Política
por Tatiana Ribeiro
Publicado em 12/06/2026, às 10h37
O Ministério Público de São Paulo (MPSP) ajuizou, em abril, uma Ação Direta de Inconstitucionalidade (ADI), no Tribunal de Justiça para contestar a criação de 105 cargos comissionados na Câmara Municipal de Campinas. O órgão alega que as funções são técnicas e deveriam ser preenchidas por concurso público.
O procurador-geral de Justiça, Paulo Sérgio de Oliveira e Costa, nos autos, sustenta que há incompatibilidade com as Constituições Federal e Estadual na criação de cargos de provimento em comissão que não retratam atribuições de assessoramento, chefia e direção, e sim funções técnicas, burocráticas e operacionais. Sendo assim, o MPSP argumenta que deveriam ser exercidas por servidor público, nomeado por meio de concurso.

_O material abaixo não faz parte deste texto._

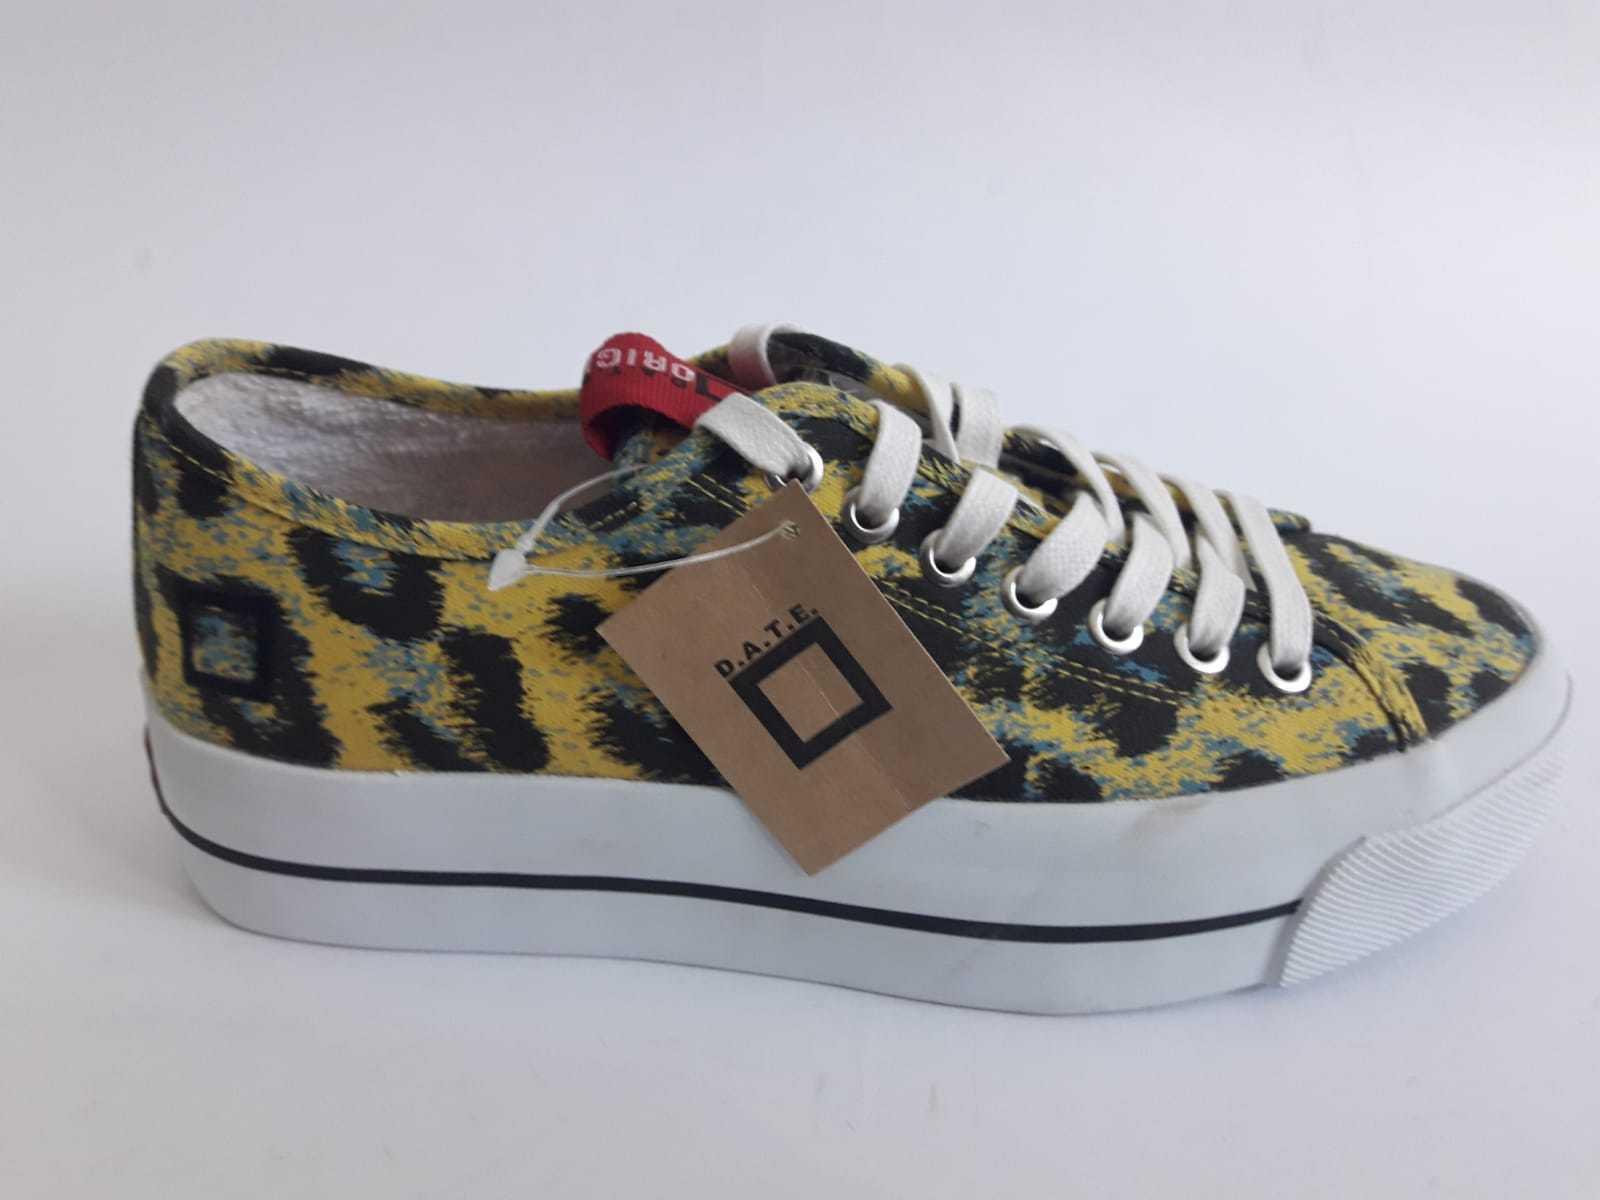 D.A.T.E. Turnschuhe Schuhe n. 38 (Vereinigtes Königreich 5 USA 7 )Frau  | Genial Und Praktisch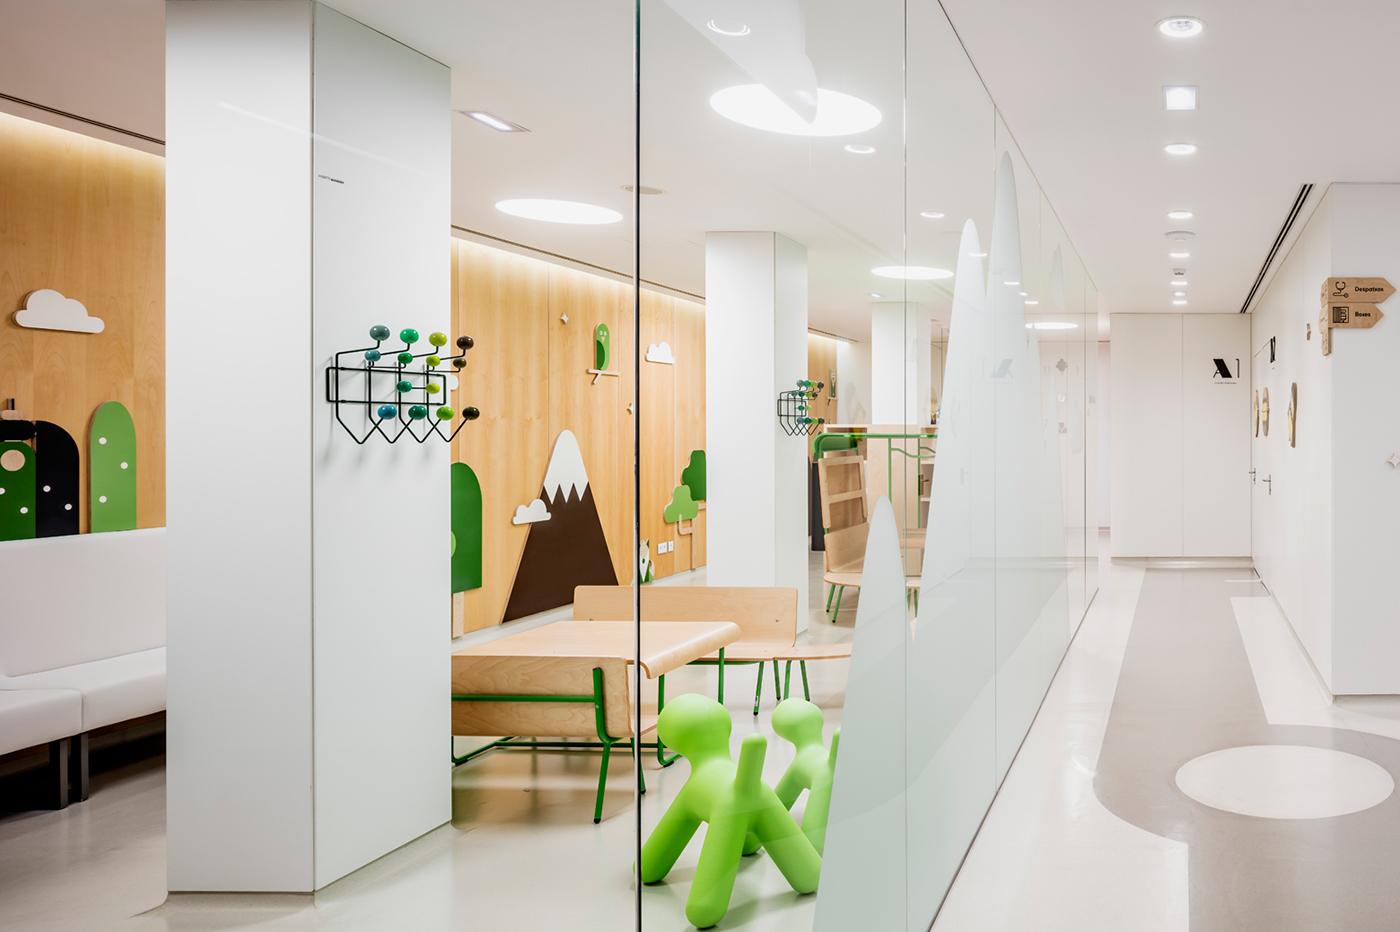 rgb_creative_ParcdAtencions_hospital_design_015

Segundo o demonstrativo elaborado pela Diretoria de Finanças da Câmara, a criação dos 105 novos cargos terá impacto anual de R$ 20,89 milhões estimado para 2026, considerando salários, 13º, férias, encargos patronais, auxílio saúde, vale-transporte e vale-alimentação.

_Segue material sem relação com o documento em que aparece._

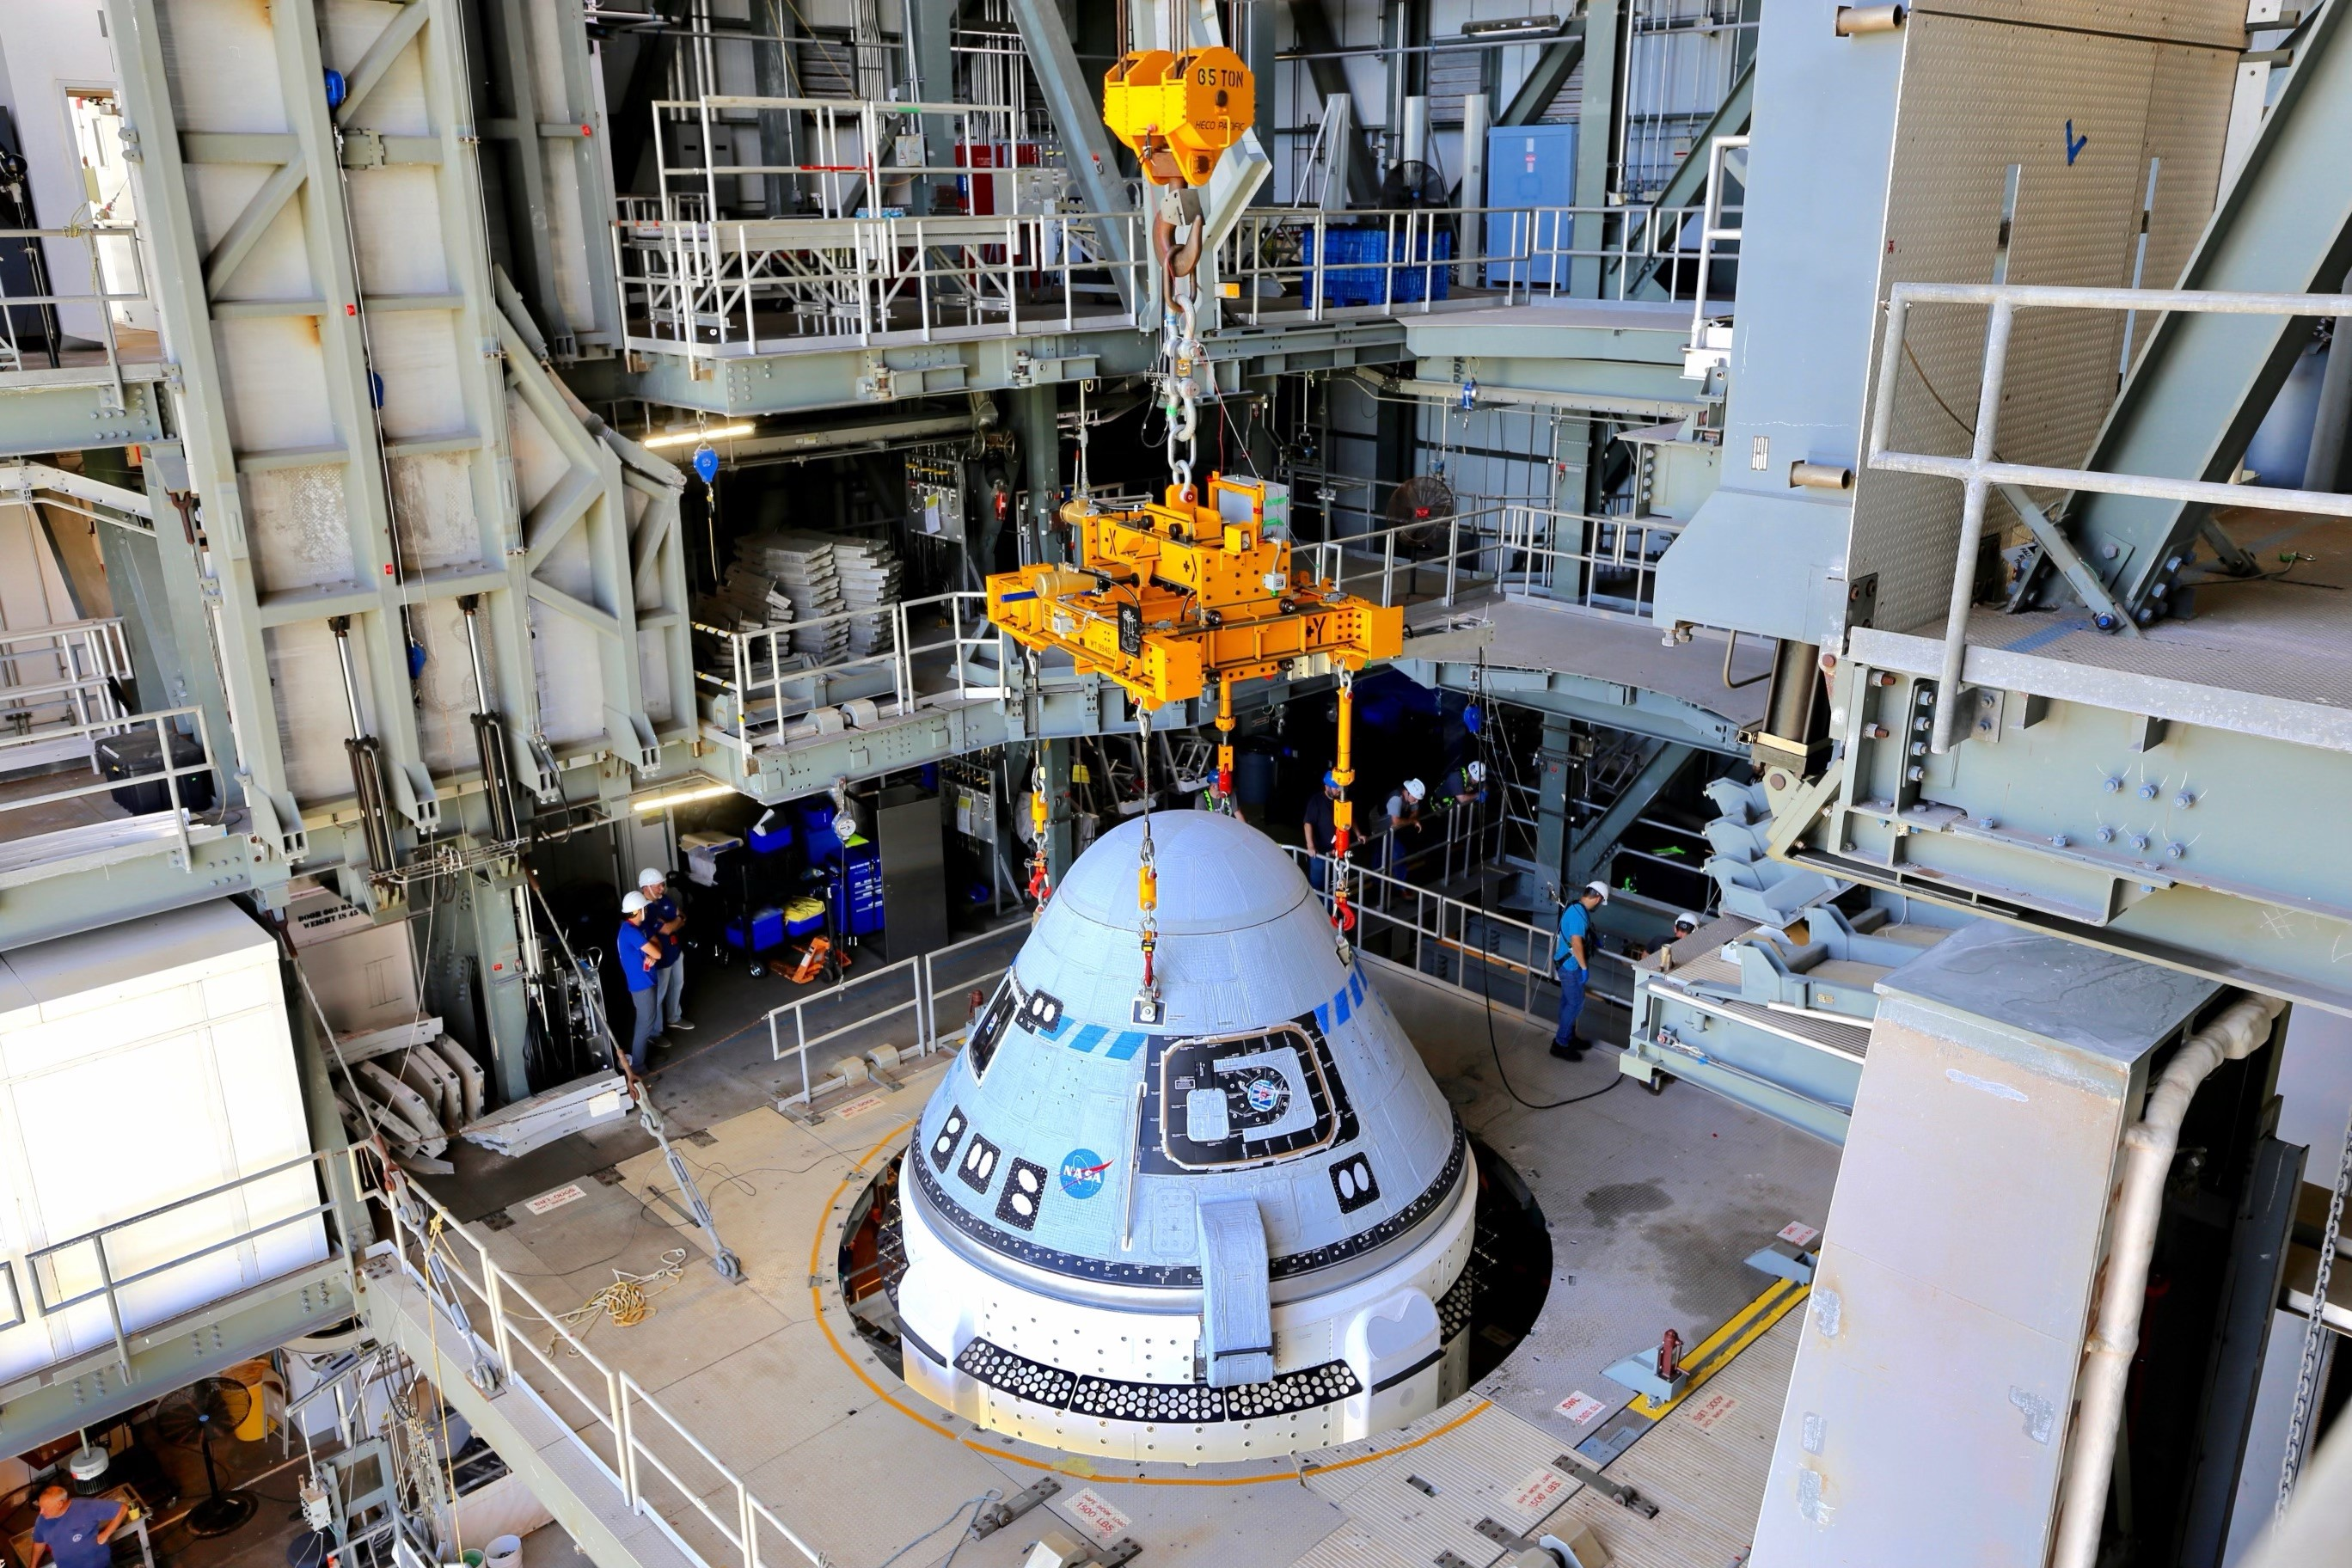 Boeing's CST-100 Starliner Secured Atop an Atlas V Rocket

A ação questiona dispositivos da Resolução nº 1.038/2025, da Câmara Municipal de Campinas, e da Lei Complementar nº 573/2025, do município.
De acordo com o MPSP, as novas normas incharam a estrutura da Câmara do município. Foram criados 105 cargos de livre nomeação, sendo 99 de assessor de políticas públicas, cinco de assessor de comissão e um de subsecretário. Antes disso, o Legislativo campineiro já possuía 174 cargos comissionados, entre assessores e chefes de gabinete
O chefe do MPSP argumenta, na petição inicial, que as atribuições previstas para os novos cargos são genéricas, ambíguas ou de natureza eminentemente técnica e administrativa, como gerenciamento de agendas, elaboração de notas técnicas, acompanhamento de matérias legislativas e coordenação de demandas entre comissões.
"A criação de cargos de provimento em comissão, de livre nomeação
e exoneração, deve ser limitada aos casos em que seja exigível especial relação de confiança entre o governante ou gestor e o servidor, para que sejam adequadamente desempenhadas funções inerentes à atividade predominantemente política", afirma Oliveira e Costa.
O processo tramita no Órgão Especial do Tribunal de Justiça de São Paulo, sob relatoria do desembargador Álvaro Torres Júnior, que já determinou a requisição de informações ao prefeito e ao presidente da Câmara Municipal de Campinas.